Could you please tell me if it is possible to get a double or triple headed daisy? I have enclosed a photograph in the attachment.

That photograph you sent is really wild looking, no pun intended. In short, I do not know of any growers that try to produce or specialize in bizarrely mutated plant forms like the one photographed. I am guessing that flower, obviously a member of the Aster family (Asteraceae), grew and blossomed as it did because of either a genetic mutation or perhaps some bizarre damage (insect related?) to the emerging flower bud which then allowed two flowers to bloom fused together.
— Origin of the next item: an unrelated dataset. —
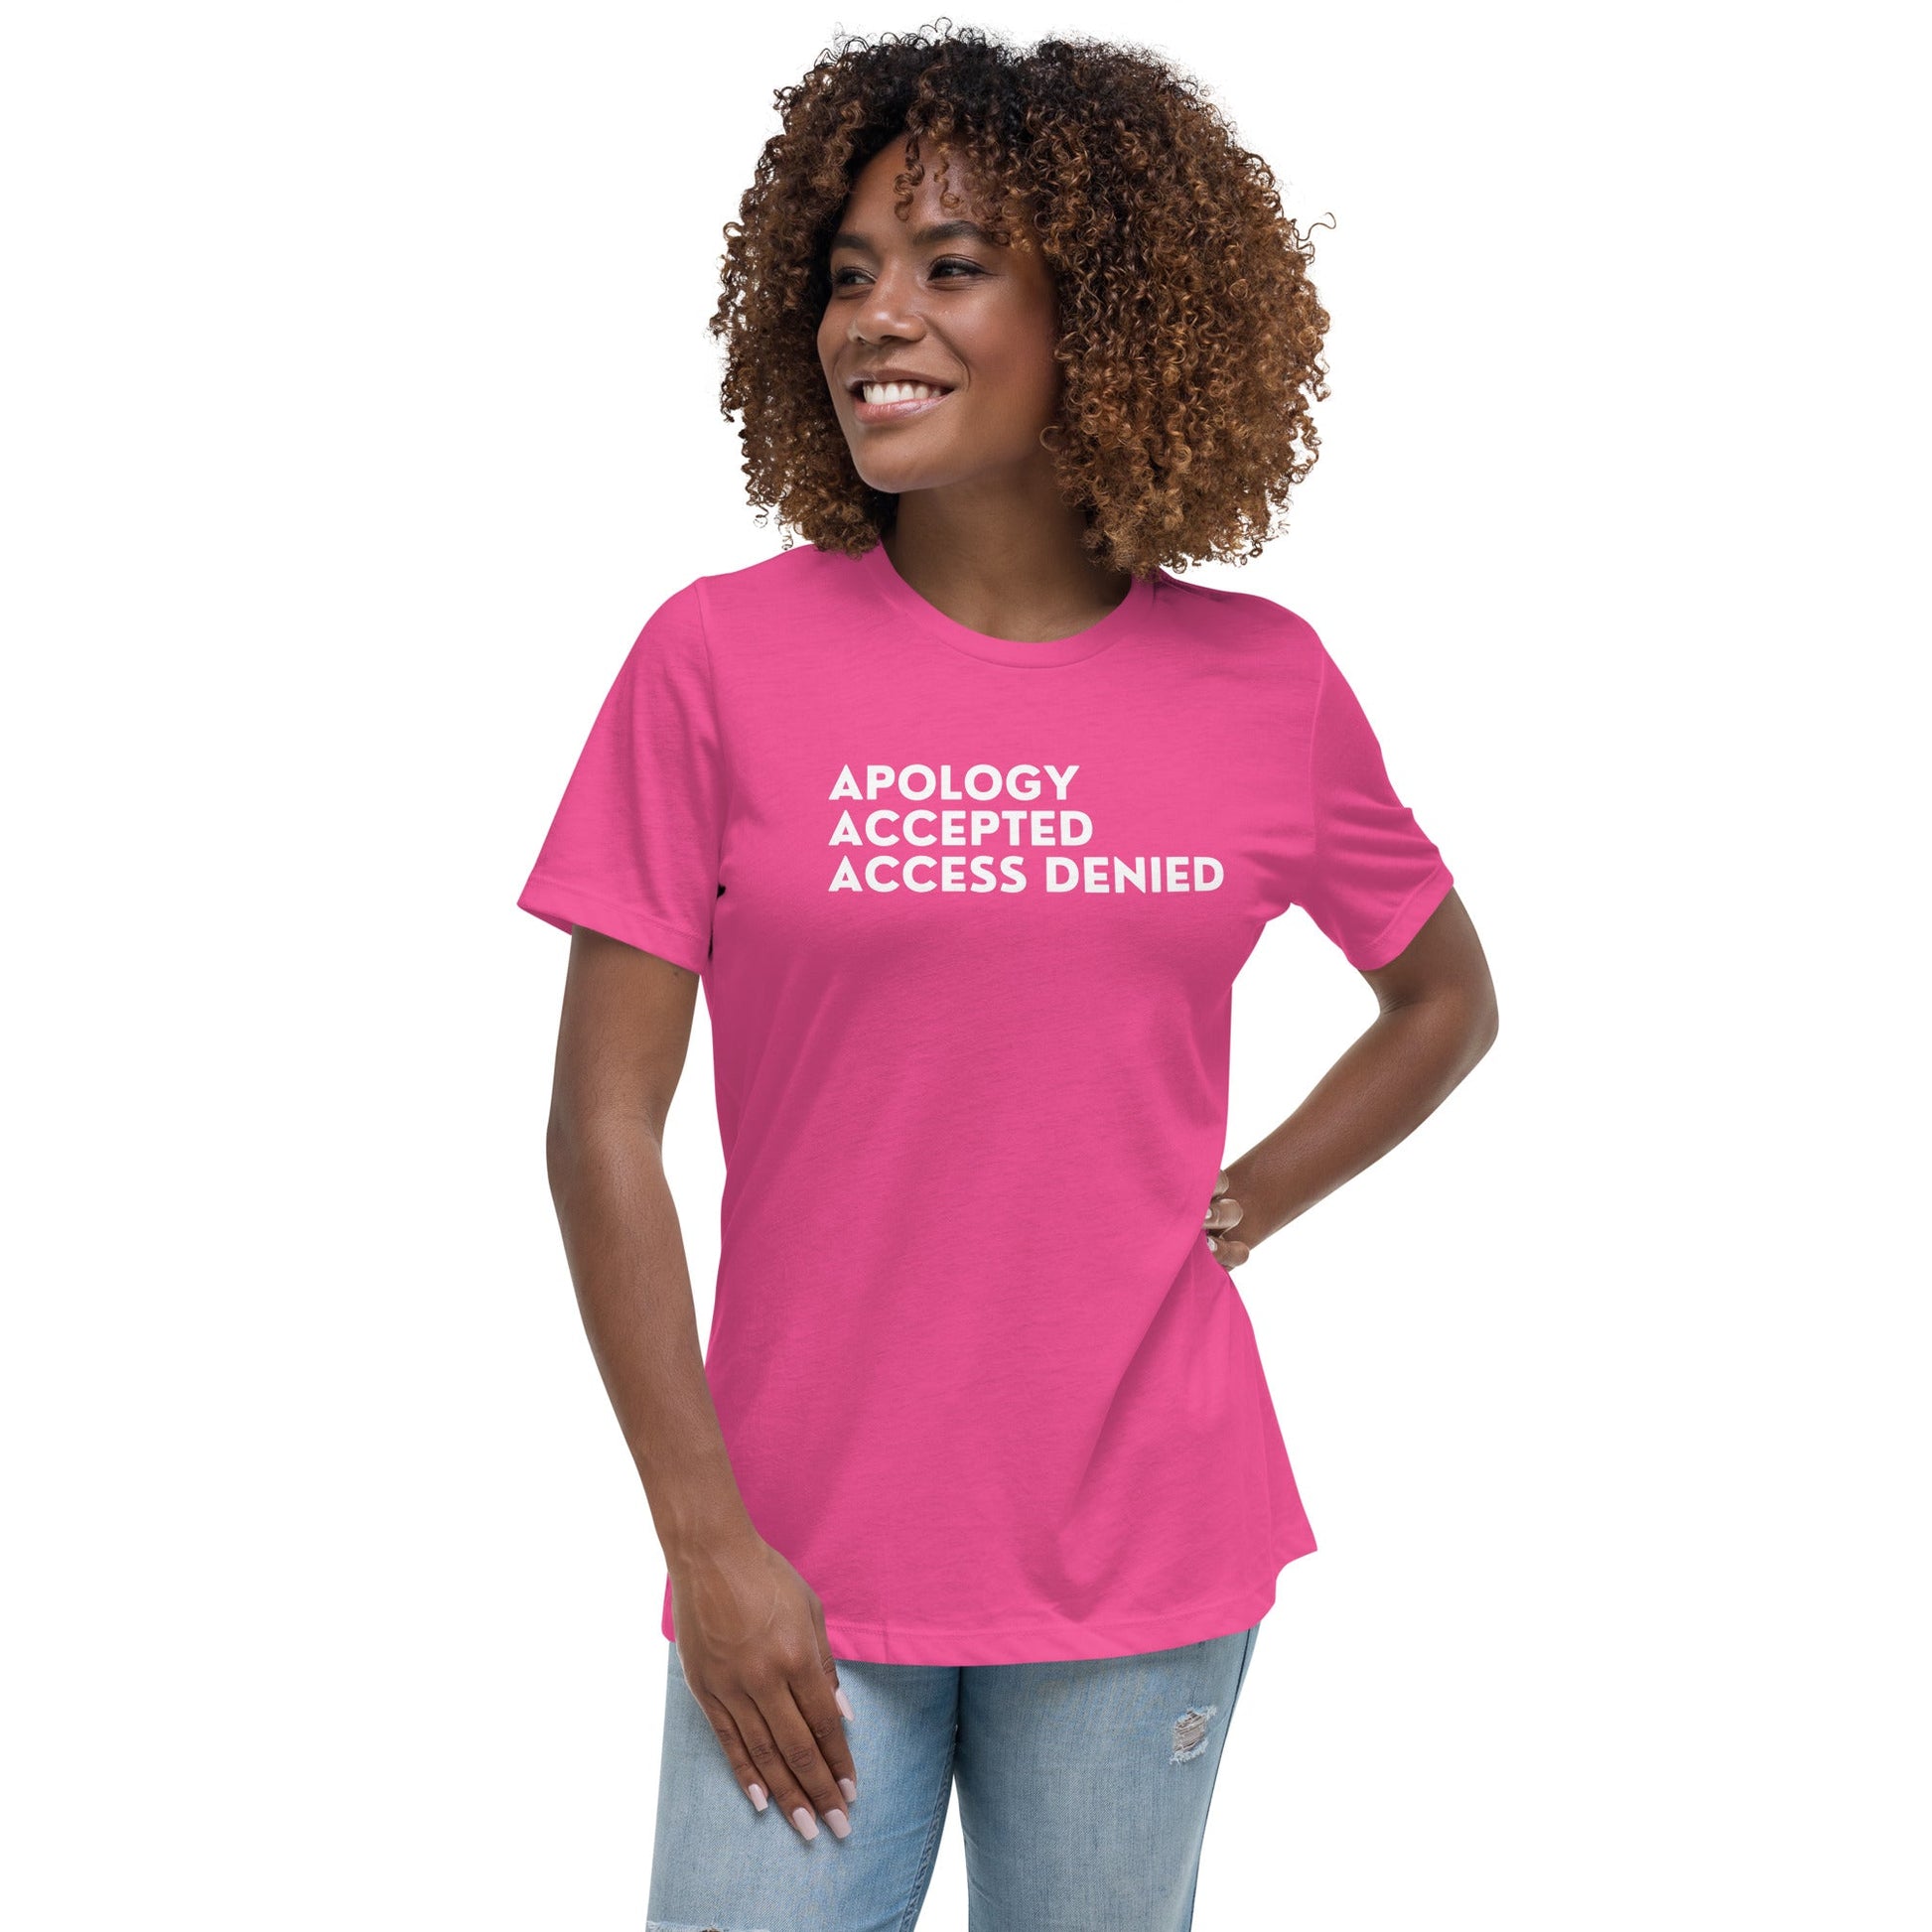 Apology Accepted Access Denied Women's Relaxed T-Shirt - Catch This Tea Shirts

To be honest I do not think I have ever seen a mutation like this, but a coworker just mentioned over my shoulder that she has seen in the past tomato plant flowers fused together and produce some sort of “Siamese twin” tomatoes. What can I say, genetics and mutation is truly a fascinating aspect of science and horticulture. But again, sorry, I have to say that finding a flower like that in the trade is probably going to be pretty close to impossible. And trust me, I know some pretty nontraditional gardeners out there. But, if you do find a source, please pass it along!


  1. We found a double-headed daisy today. It was very odd, so we looked it up on the internet. Too our suprise, we learned that it is almost impossible to locate this type of phenomenom.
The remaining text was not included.